▶ Work instruction:
Extract exactly the lines from the top of the records through the line containing "美人妻 椎名美咲 昼間の団地は秘密がいっぱい。", and keep pictures out of the copy.

▶ Collected data entries:
--------------------
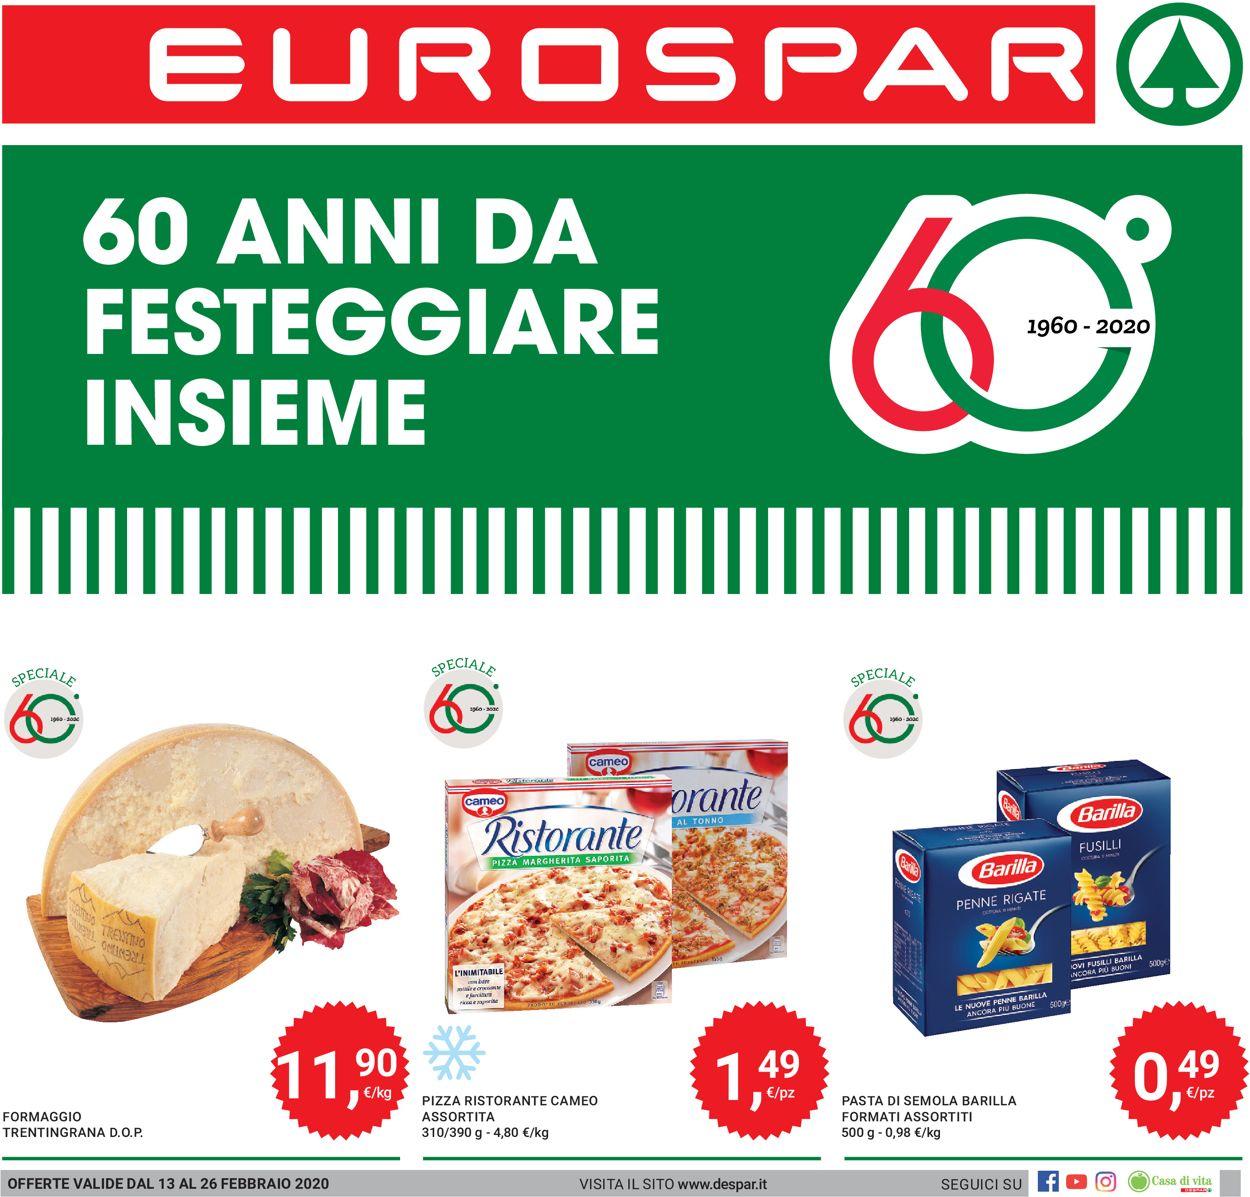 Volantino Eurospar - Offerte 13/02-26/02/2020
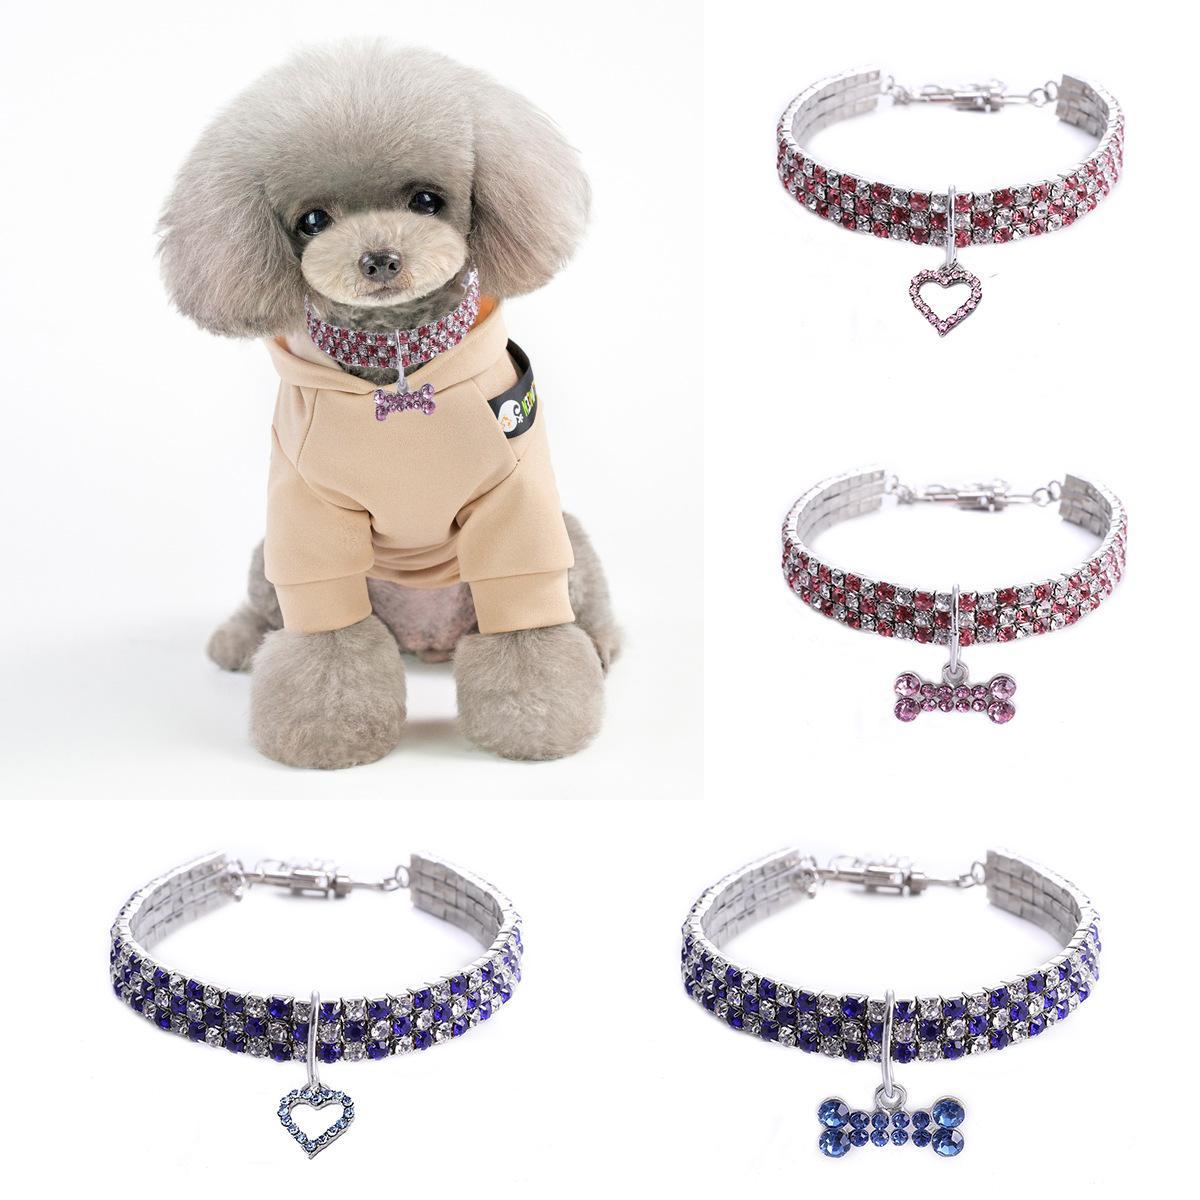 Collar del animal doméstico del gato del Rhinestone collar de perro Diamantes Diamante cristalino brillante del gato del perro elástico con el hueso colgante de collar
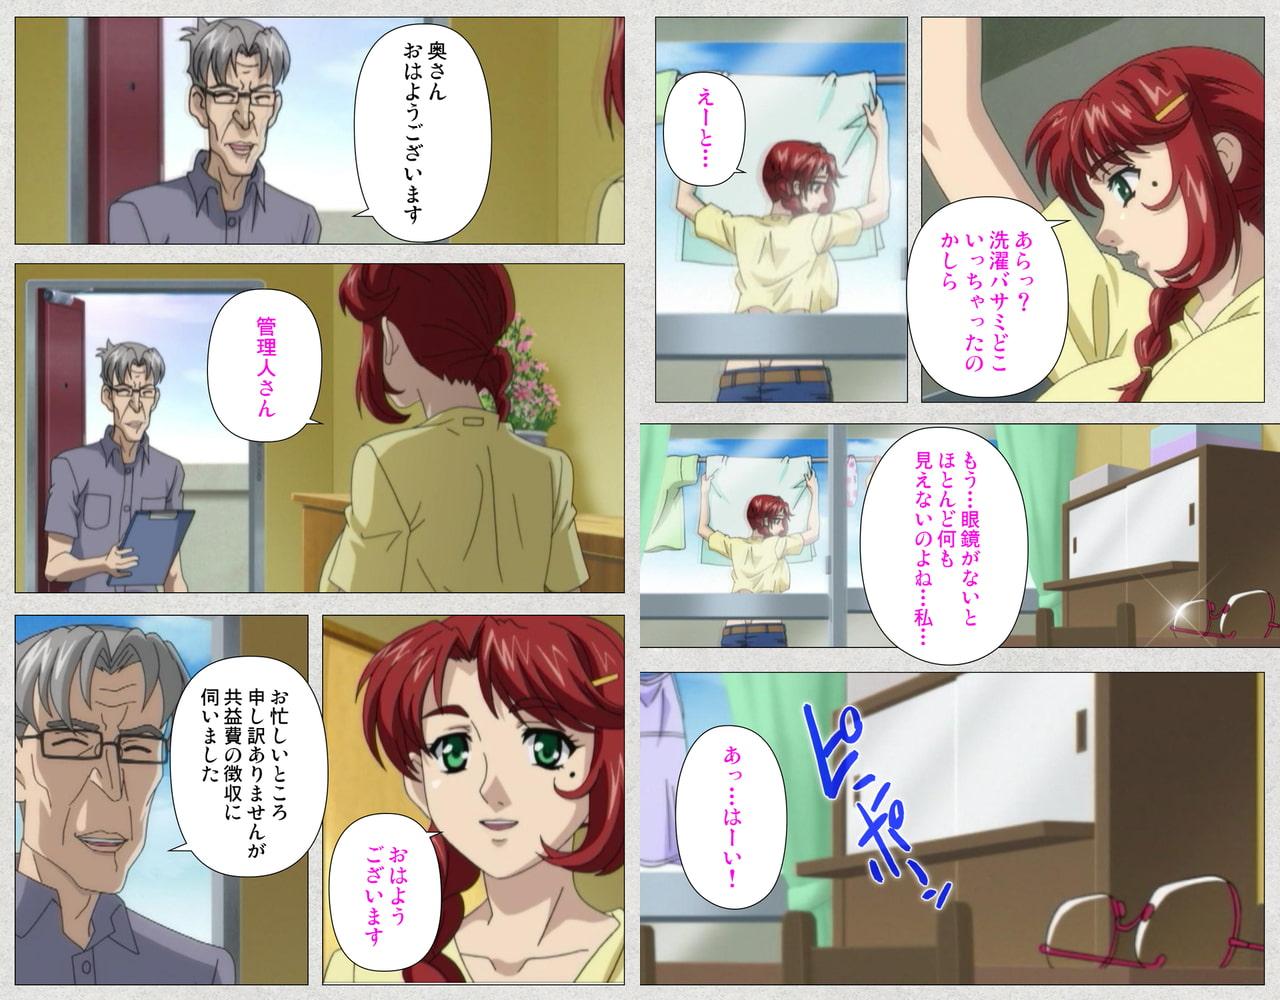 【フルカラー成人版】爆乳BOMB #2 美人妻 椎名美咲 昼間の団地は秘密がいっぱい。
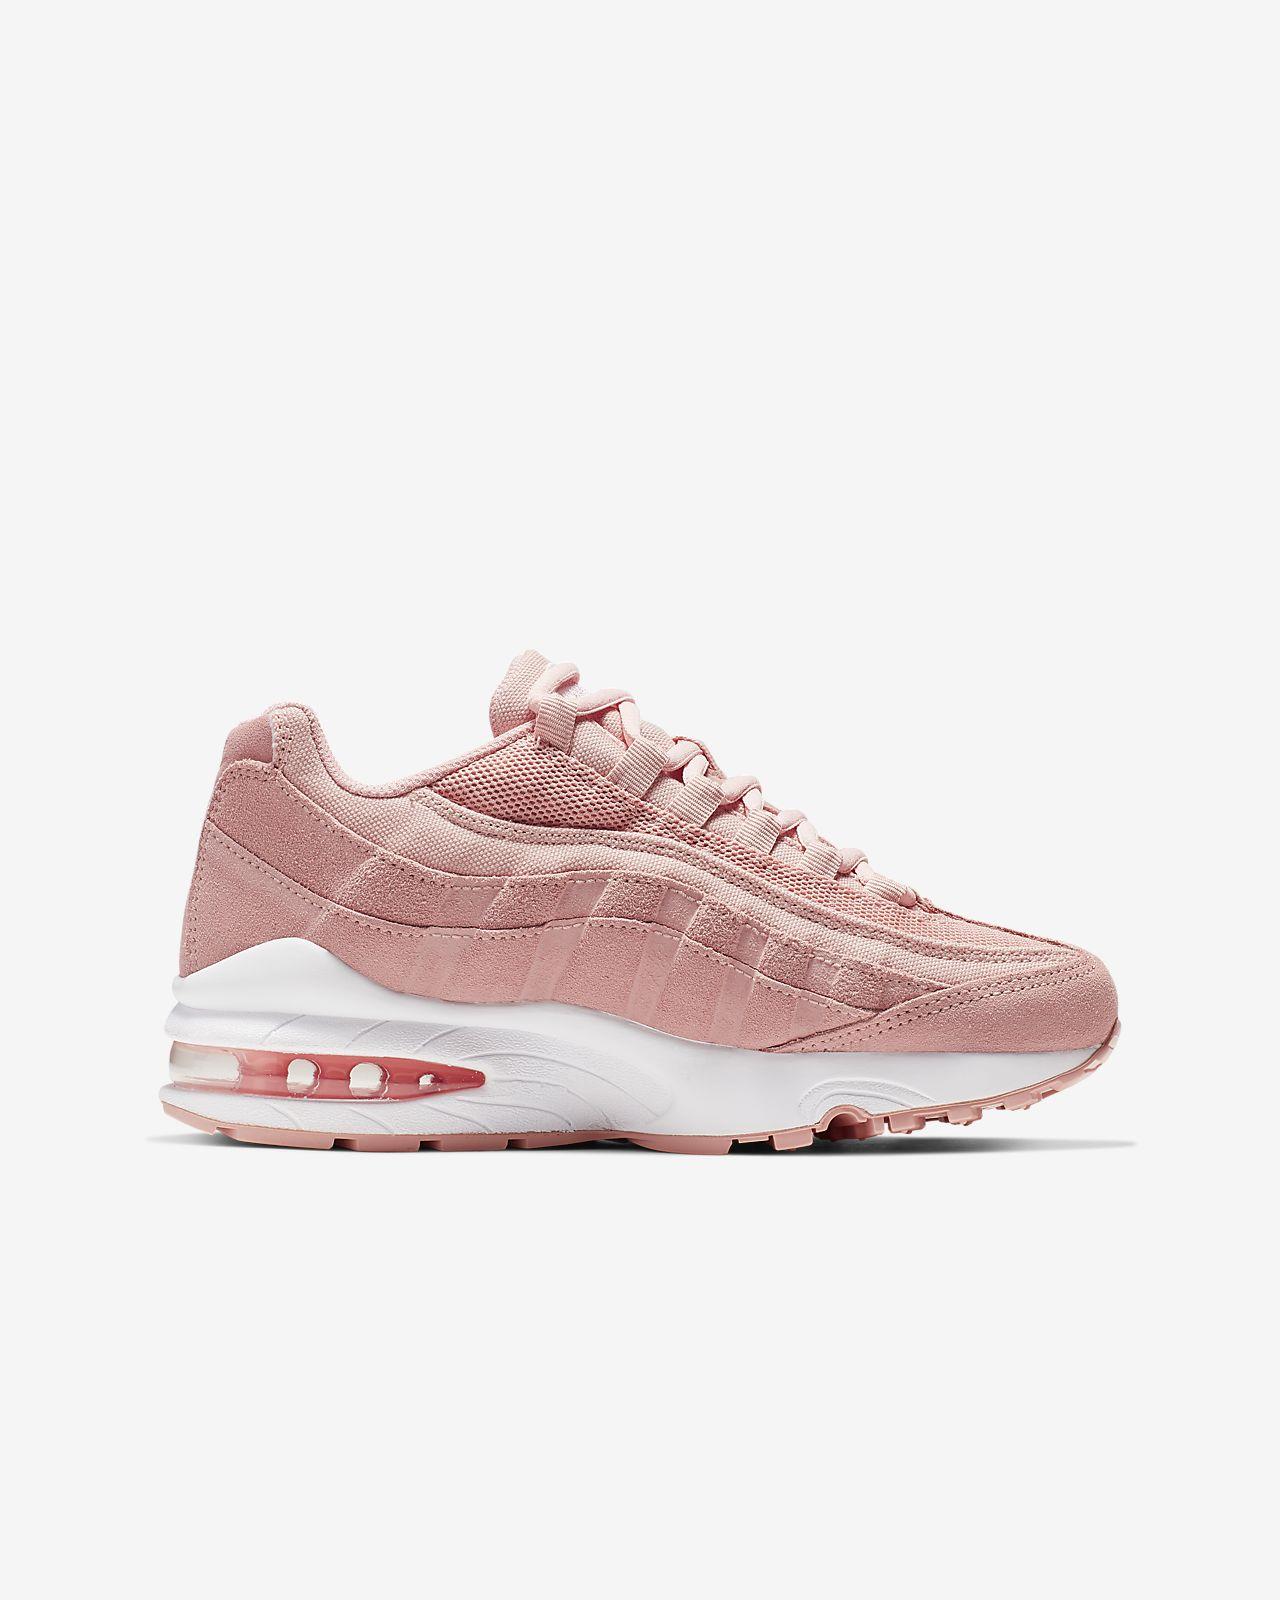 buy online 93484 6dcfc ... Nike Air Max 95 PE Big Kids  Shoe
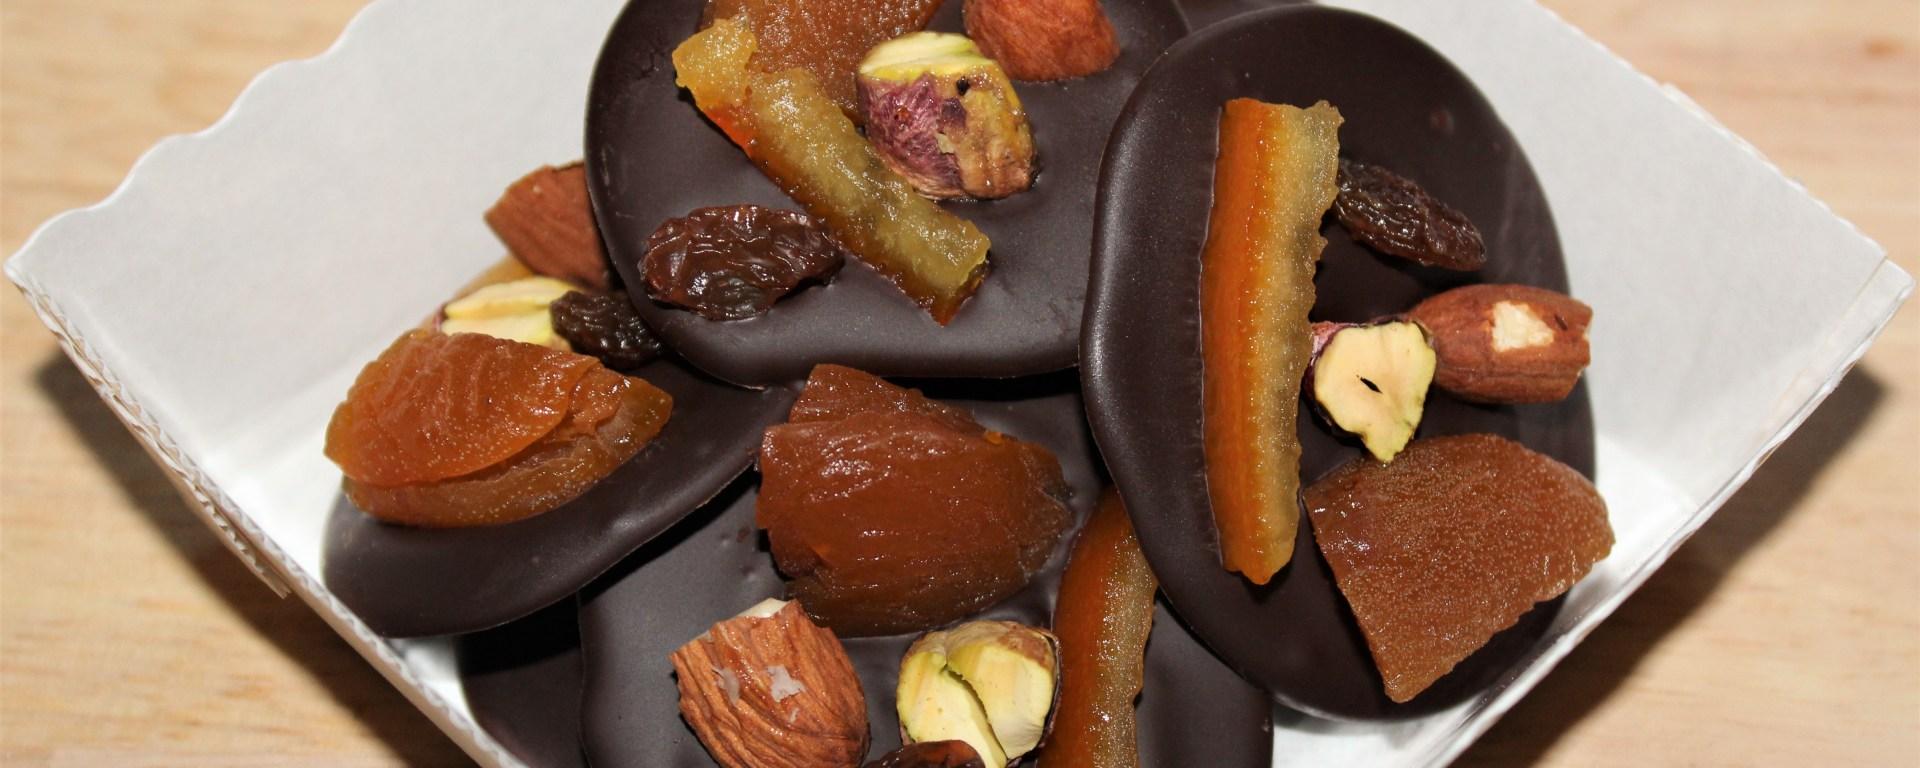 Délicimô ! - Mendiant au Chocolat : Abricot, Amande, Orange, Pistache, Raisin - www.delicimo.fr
--------------------
▶ Task output:
 Volantino Eurospar - Offerte 13/02-26/02/2020
 Collar del animal doméstico del gato del Rhinestone collar de perro Diamantes Diamante cristalino brillante del gato del perro elástico con el hueso colgante de collar
 【フルカラー成人版】爆乳BOMB #2 美人妻 椎名美咲 昼間の団地は秘密がいっぱい。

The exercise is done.